The Cranbrook business community heard about the challenges of delivering rural health care during a presentation that included Susan Brown, the president and CEO of Interior Health, on Thursday in Cranbrook.
Brown, who took over the IHA leadership from Chris Mazurkewich last year, participated in a Q&A session during a Chamber of Commerce event and spoke about ongoing challenges at the East Kootenay Regional Hospital, issues with patient transfers to Alberta and health care staffing and recruitment to the area.
Bill Bennett, the president of the Cranbrook Rotary Club and former MLA, led the session with questions gathered from the community, as well as those submitted from the audience.
Bennett led with a question on the IHA’s development of a master plan for East Kootenay Regional Hospital.
Brown said the organization opted for a space utilization plan to take a closer look at four areas of need at the hospital, which include oncology, pharmacy, dialysis and the laboratory.
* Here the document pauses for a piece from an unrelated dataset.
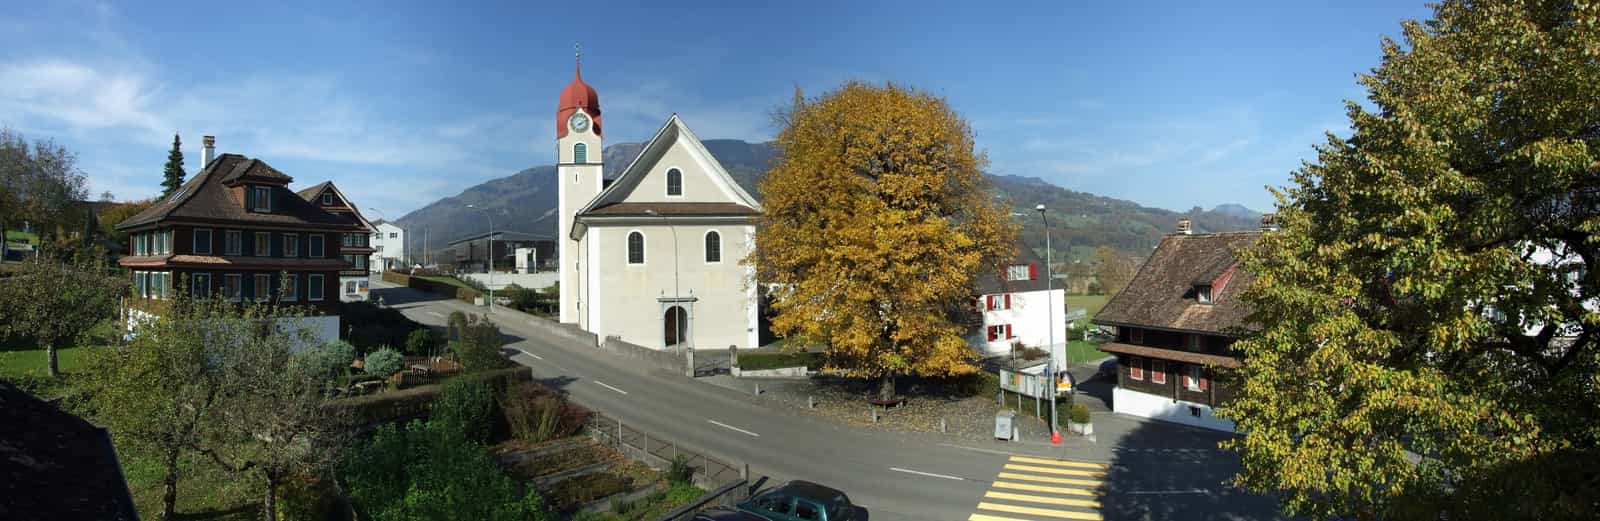 Ortskern von Lauerz mit Kirche
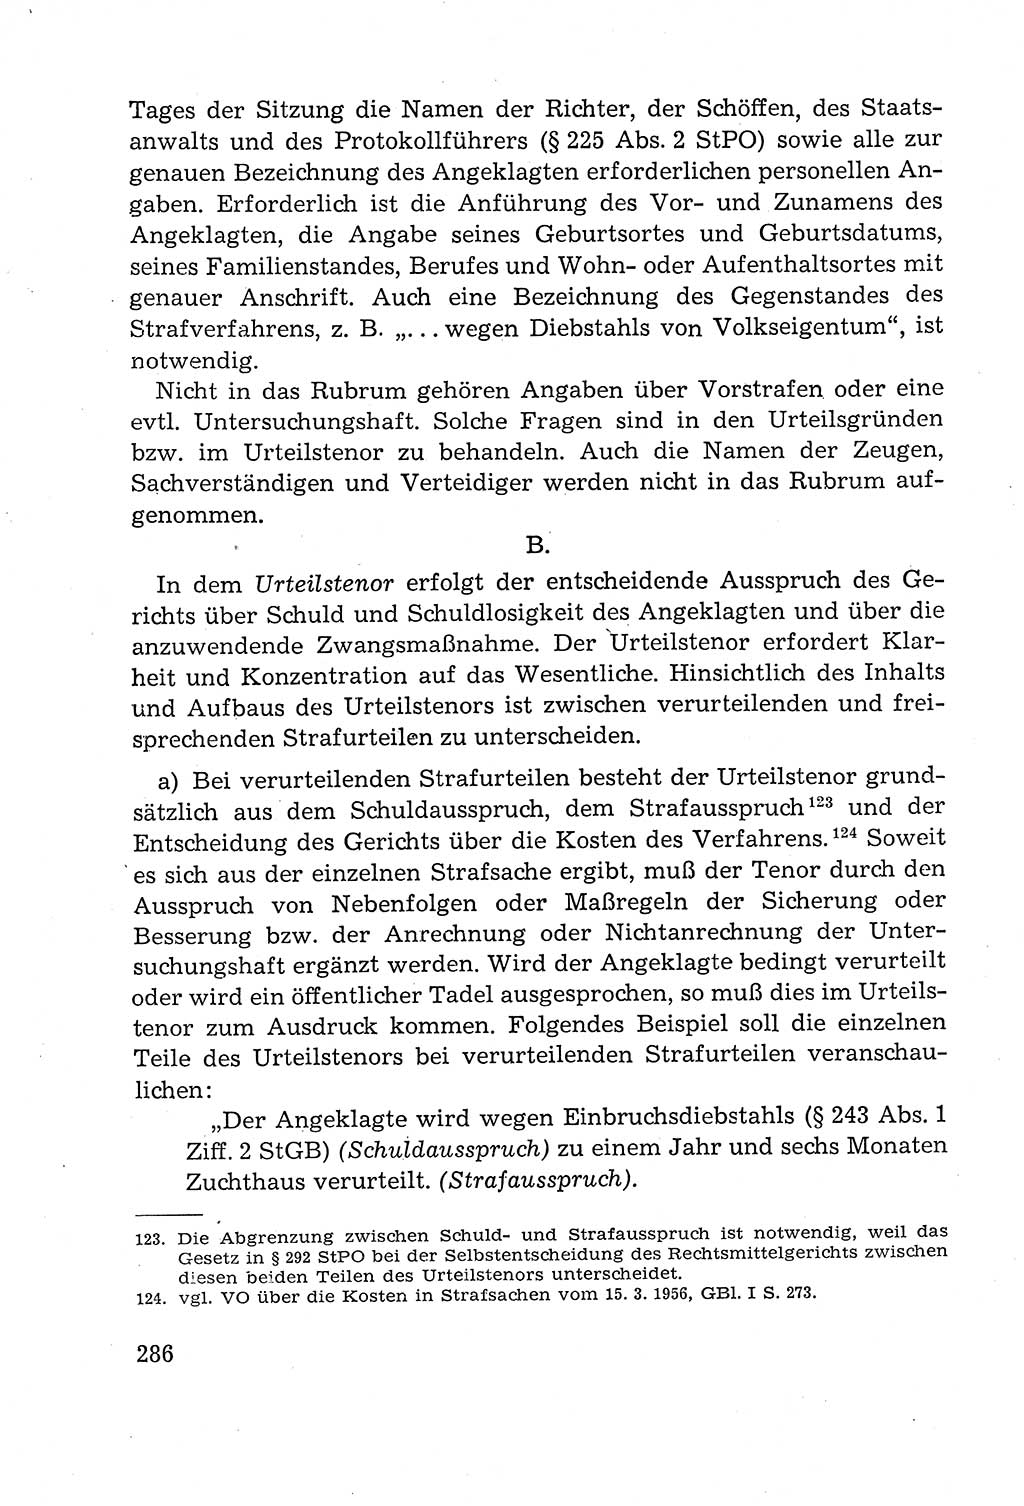 Leitfaden des Strafprozeßrechts der Deutschen Demokratischen Republik (DDR) 1959, Seite 286 (LF StPR DDR 1959, S. 286)

“We know that all of those specific areas need new space, either to grow and expand or better space just to accommodate new standards of care,” Brown said.
The space utilization plan allows the consulting team to gather information and better understand a higher level cost-estimate of what it would take to make those projects come alive, she added.
Coming in at roughly $200 million, Brown says those proposals will be included as one project in a grouping of 10 priority investments that the IHA brings forward to the provincial government.
Currently, there is a $1.45 million project to renovate the pharmacy and move the compounding rooms into a new area with proper ventilation in order to meet new incoming national standards. Other projects include a renovation of the biomedical lab and adding new urology diagnostic equipment.
On cancer care, Brown said the EKRH sees roughly 220 patients in various stages of treatment and notes that oncology is one of the projects that carries priority. However, Kelowna is only place within the IH jurisdiction that delivers radiation therapy.
“It is a hardship on families and patients to go for radiation therapy when it’s far away from home,” she acknowledged.
A study is currently in the works in partnership with the B.C. Cancer Agency to look at radiation therapy needs in the Interior Health region, Brown added.
Addressing the self-described elephant in the room, Bennett asked about patient transfers from the East Kootenay to Alberta, specifically Calgary or Lethbridge, and why health care options across the border have all but dried up.
Brown said that Interior Health has reciprocal agreements with Alberta on time-sensitive health care issues, such as trauma, stroke or dialysis.
However, it’s a different story for scheduled care, Brown said.
“For people who want scheduled care, to go to Alberta is definitely increasingly challenging,” she said. “Alberta has signalled to us, we’ve done some work through the Ministry of Health, that they have increasing wait times in their own province and, as you know, health care is governed provincially, for the most part. So their priority is their residents and we will be focusing as much as possible on wait times within our own jurisdiction.”
Recruitment is always an ongoing issue for rural areas, but Brown said two anesthesia specialists are in Cranbrook, stabilizing a shortage that the area had been experiencing.
Two additional pathologists have been hired on at the EKRH lab and two orthopaedic surgeons are coming as well, Brown added.
“This year, there’s been quite a concentration of recruitment within this area and we continue to showcase other opportunities within the Kootenays as a whole,” Brown said.
On seniors care, Brown said Interior Health is focusing on wrapping services and programs around seniors with the goal of prolonging home-based care as long as possible. Brown said there are better health care outcomes when seniors are able to remain in their homes, while it also reduces impacts on health care facilities.
The conversation got a little spicier when the topic shifted focus to the emergency department at the EKRH.
Brown explained that IH has been working with family physicians in various regions to set up primary care networks, with the East Kootenay Division of Family Practice and other stakeholders providing input for a local plan.
The goal is to reduce pressure from the emergency department resources by engaging with primary care providers or home care providers.
“It’s a substantial amount of people that we’ve asked for, it’s in the multi-millions [dollars], and we’re just waiting on approval for that,” said Brown. “So that would really help people who don’t have access to a physician or a nurse practitioner at this point in time, then the emergency department would be alleviated and more used for that higher level of care.”
A local doctor who works in the emergency department stood up to highlight her concerns working directly inside facility, with issues ranging from less hours of ER doctor coverage, less examine rooms, less specialist coverage, and alleged ER nursing training gaps.
Overcapacity is another issue, as emergency room beds are often filled from a no-refusal policy with referral facilities, the doctor said.
The doctor also noted low morale and high nursing turnover.
In response, Brown said all nurses in training across the province are educated to a universal standard and noted that there are internal processes the doctor can take to address her concerns.
Brown was announced as Interior Health’s president and CEO in October last year, and has been an executive with the organization since 2011, starting first as Vice President of Tertiary Services before moving to Vice President and Chief Operating Officer, Hospitals and Communities.
Before coming to Interior health, Brown worked with Fraser Health in the Lower Mainland. She holds a Masters of Health Studies and a Bachelor of Science in Nursing and has worked in the health care field for 30 years in Canada and the United Kingdom.